Undeterred, Webb attacked his UAB Pro Day, and further cemented his status as one of the premier athletes in the entire draft. His 42.5" vertical jump, 11'5" broad jump, 3.91 second 20-yard shuttle, and 21 bench reps all would have ranked first among combine receivers. His 4.43 40 time would have put him fifth among receivers and first among quarterbacks. What makes these numbers even more remarkable is that Webb carried a larger frame, wingspan, and hand size than all Combine receivers. While he clearly lacked polish as a receiving prospect, his raw size-speed measurables compared favorably to the likes of Vincent Jackson, Marques Colston, Brandon Marshall, and even rivaled Calvin "Megatron" Johnson. His ridiculous broad jump score, which is a measure of explosion, was nearly a foot longer than Adrian Peterson's. Had he been invited to the Combine, he surely would have garnered similar hype to Maryland's Offensive Tackle and workout warrior Bruce Campbell.

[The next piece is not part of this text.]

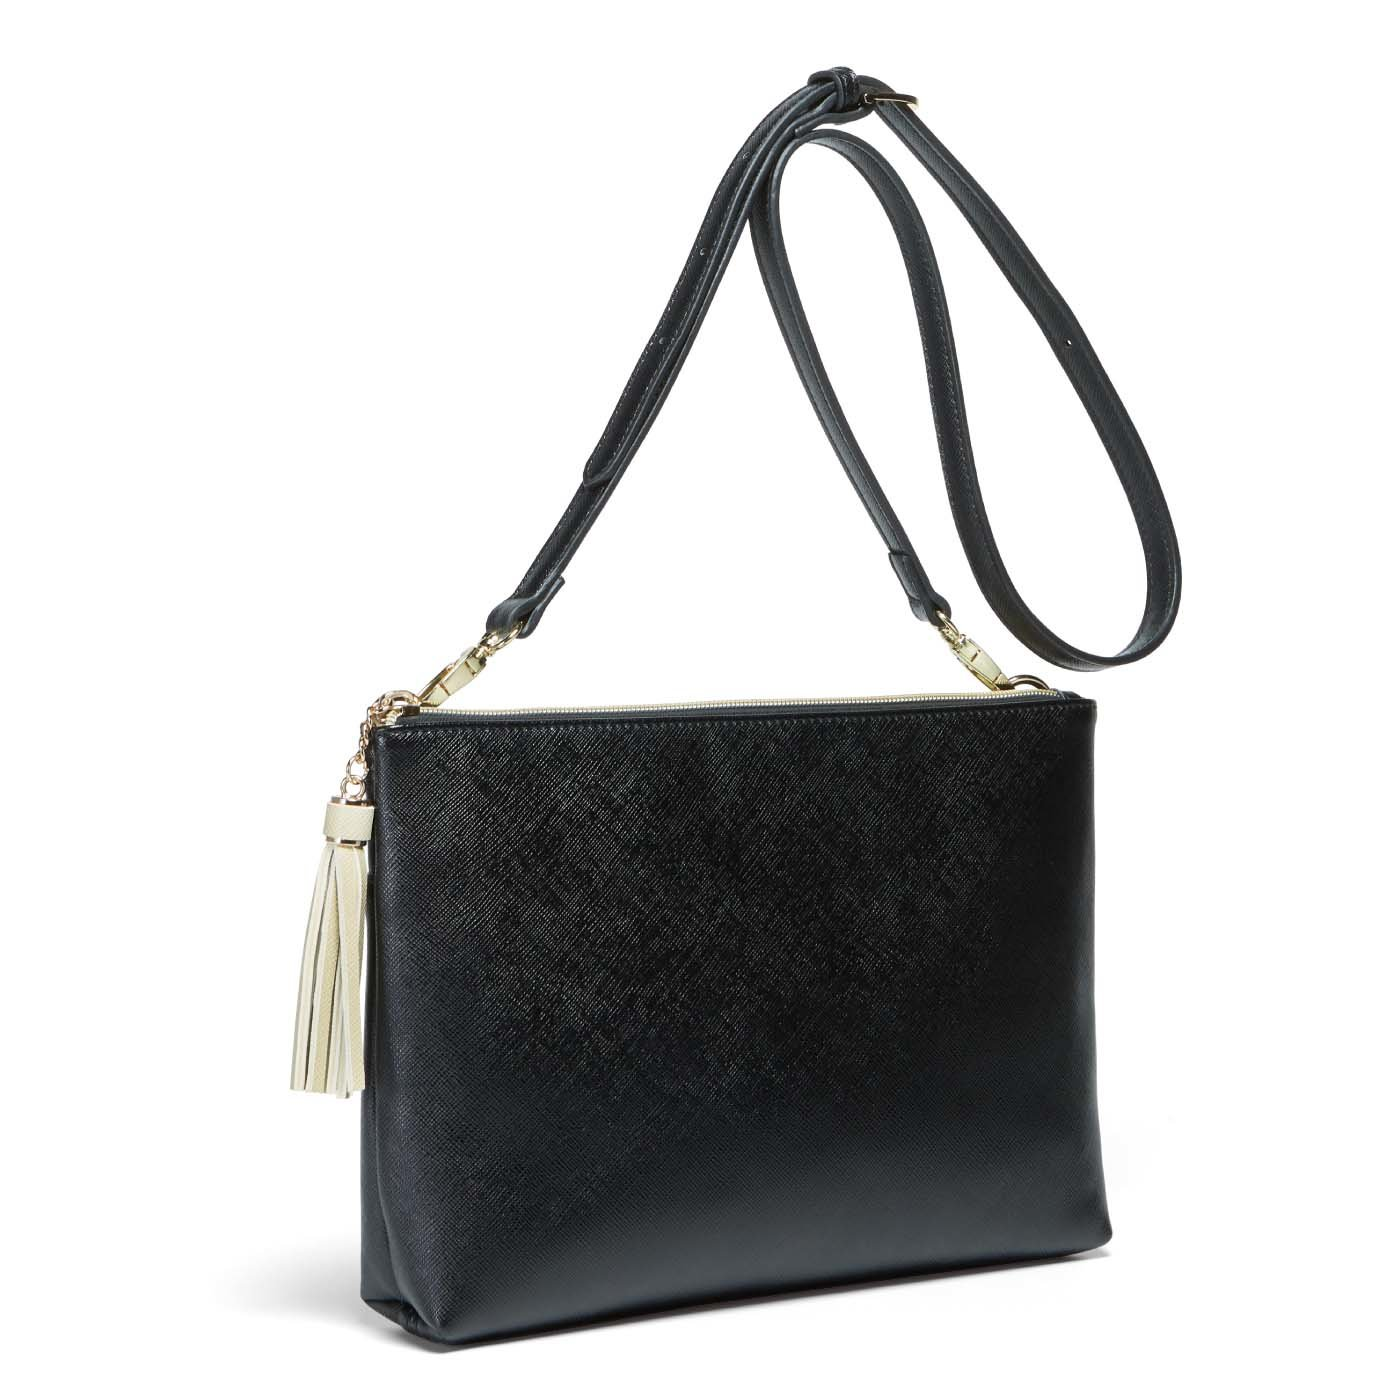 IEDIT[イディット] 街歩きにピッタリな大人好みのきれいめトラベルバッグセット〈ブラック〉

Trying to project the uniquely talented Webb's future in the league is impossible at this point. The consensus seems to be that, if used creatively, he could be a lethal Wildcat weapon, but not an every down signal caller. In the coming months you'll see names like Kordell Stewart, Josh Cribbs, Brad Smith, and Tim Tebow. For now, Vikings fans can only dream about a future backfield featuring Webb, Adrian Peterson, and Percy Harvin causing nightmares for defensive coordinators. Most likely, that dream will never come to fruition. I'm not buying Sid Hartman's "Quarterback of the Future" speculation. Webb simply lacks the quarterback-specific traits needed to succeed at the next level. But he is another tool for Darrell Bevell to utilize, and for a 6th round draft pick, this is shaping up to be something special. There is no doubt that Webb is a lottery athlete, and for the first time in years, preseason games will be worth watching well into the second half. Whether he can make a meaningful contribution in the regular season will be widely debated, but keep in mind that on any given Sunday, the #199 pick could make a difference. Just ask Tom Brady.